Problem details:
Copy out all of the data word for word. Omit every picture.

Data shown:
------------------------------

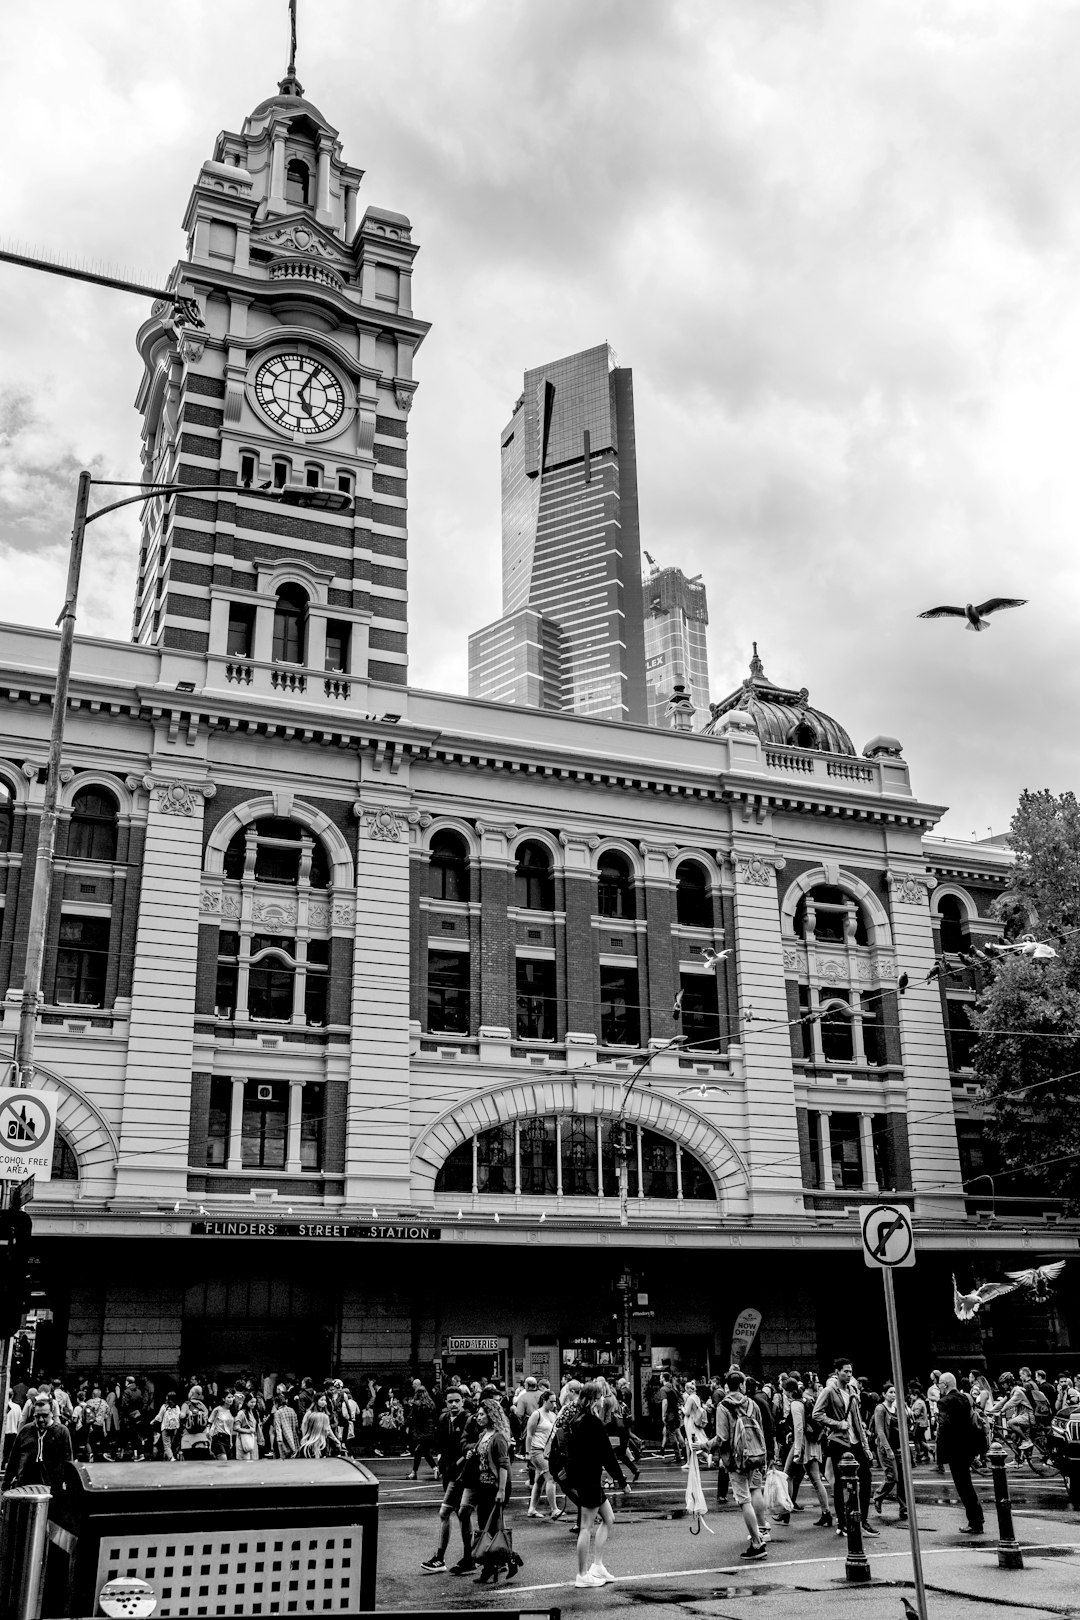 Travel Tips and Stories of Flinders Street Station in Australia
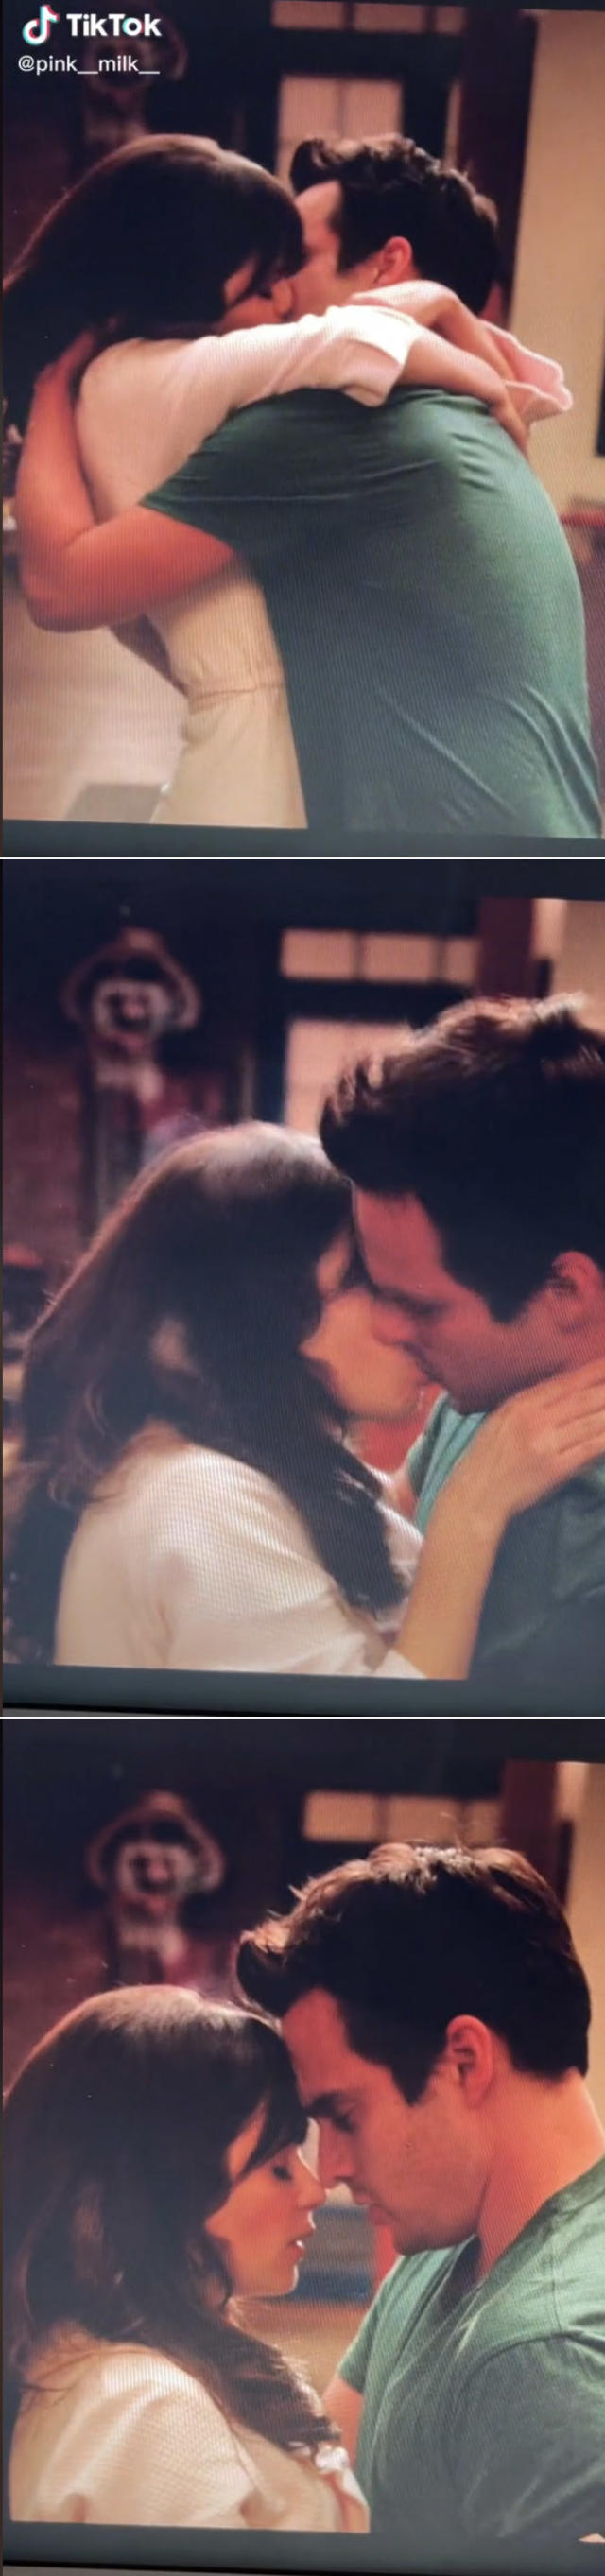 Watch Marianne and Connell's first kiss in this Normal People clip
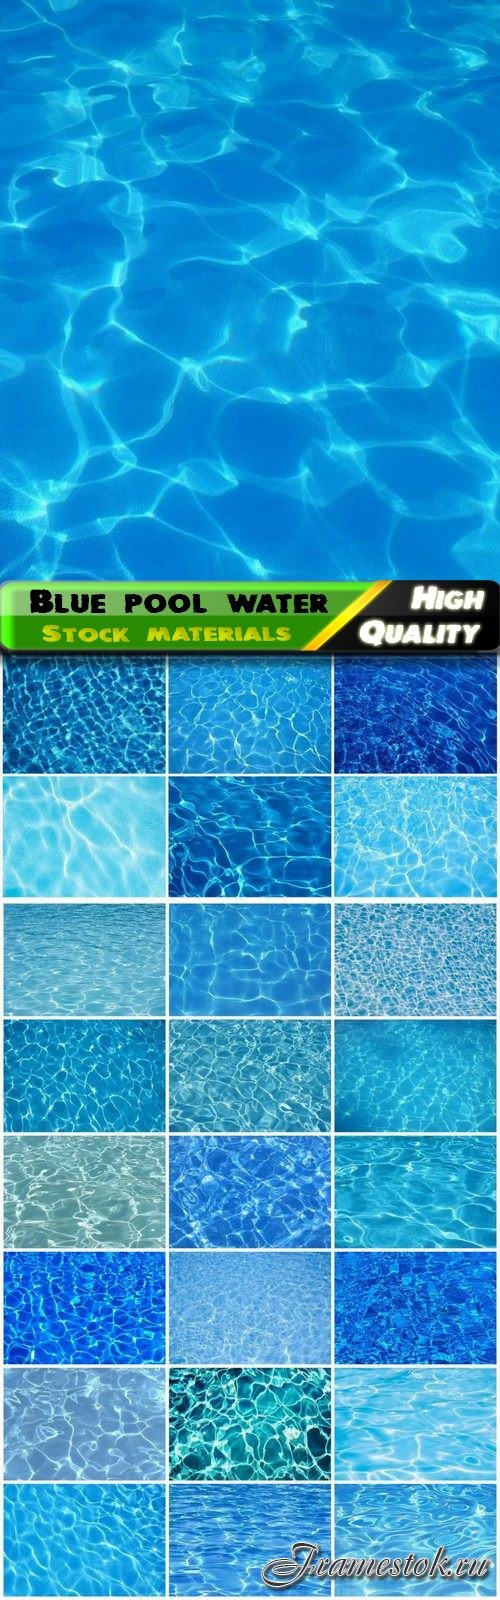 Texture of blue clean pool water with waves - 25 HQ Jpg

------------------------------

The answer:
 Travel Tips and Stories of Flinders Street Station in Australia
 Watch Marianne and Connell's first kiss in this Normal People clip
 Texture of blue clean pool water with waves - 25 HQ Jpg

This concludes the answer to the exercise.